Variant support in Delta Lake

Preview

This feature is in Public Preview.

You can use the VARIANT data type to store semi-structured data in Delta Lake. For examples on working with VARIANT, see Query variant data.

You must use Databricks Runtime 15.3 or above to read and write tables with variant support enabled.

Enable variant on a Delta table

To enable variant, create a new table with a VARIANT type column, for example:

CREATE TABLE table_name (variant_column VARIANT)
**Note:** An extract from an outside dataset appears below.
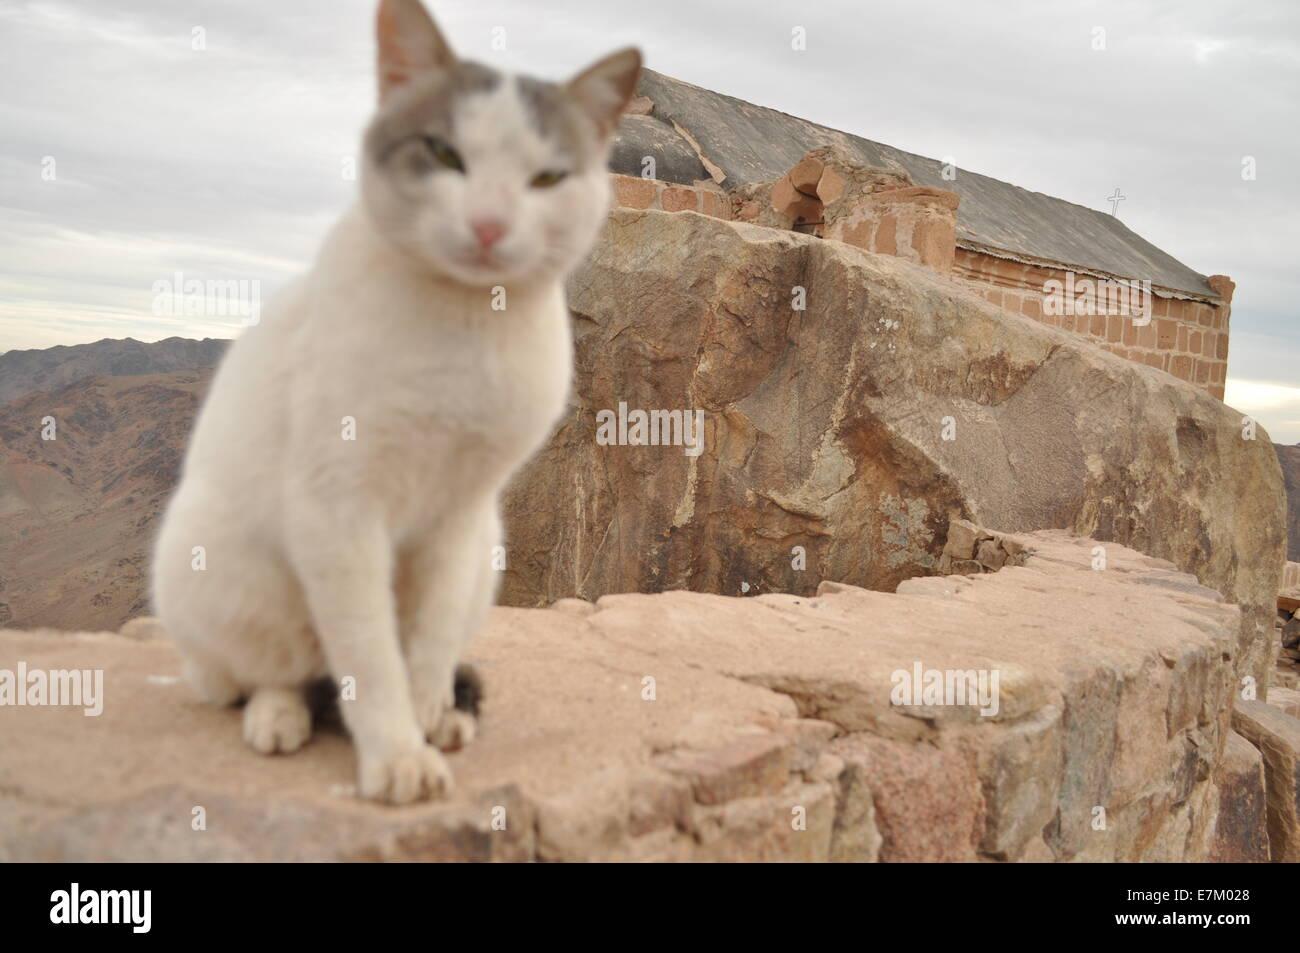 Egypt, the summit of Mount Sinai - Stock Image

You can also enable support for VARIANT on an existing table using the following syntax:

ALTER TABLE table_name SET TBLPROPERTIES('delta.feature.variantType-preview' = 'supported')

Warning

When you enable variant, the table protocol is upgraded. After upgrading, the table will not be readable by Delta Lake clients that do not support variant. See How does Databricks manage Delta Lake feature compatibility?.

Limitations

The following limitations exist:

  • You cannot use variant columns to partition a table.

  • A variant column cannot be a clustering key for a table.

  • You cannot use variant columns with GROUP BY or ORDER BY clauses.

  • You cannot call DISTINCT on a variant column.

  • You cannot use SQL set operators (INTERSECT, UNION, EXCEPT) with variant columns.

  • You cannot use column generation to create a variant column.

  • Delta does not collect minValues or maxValues statistics for variant columns.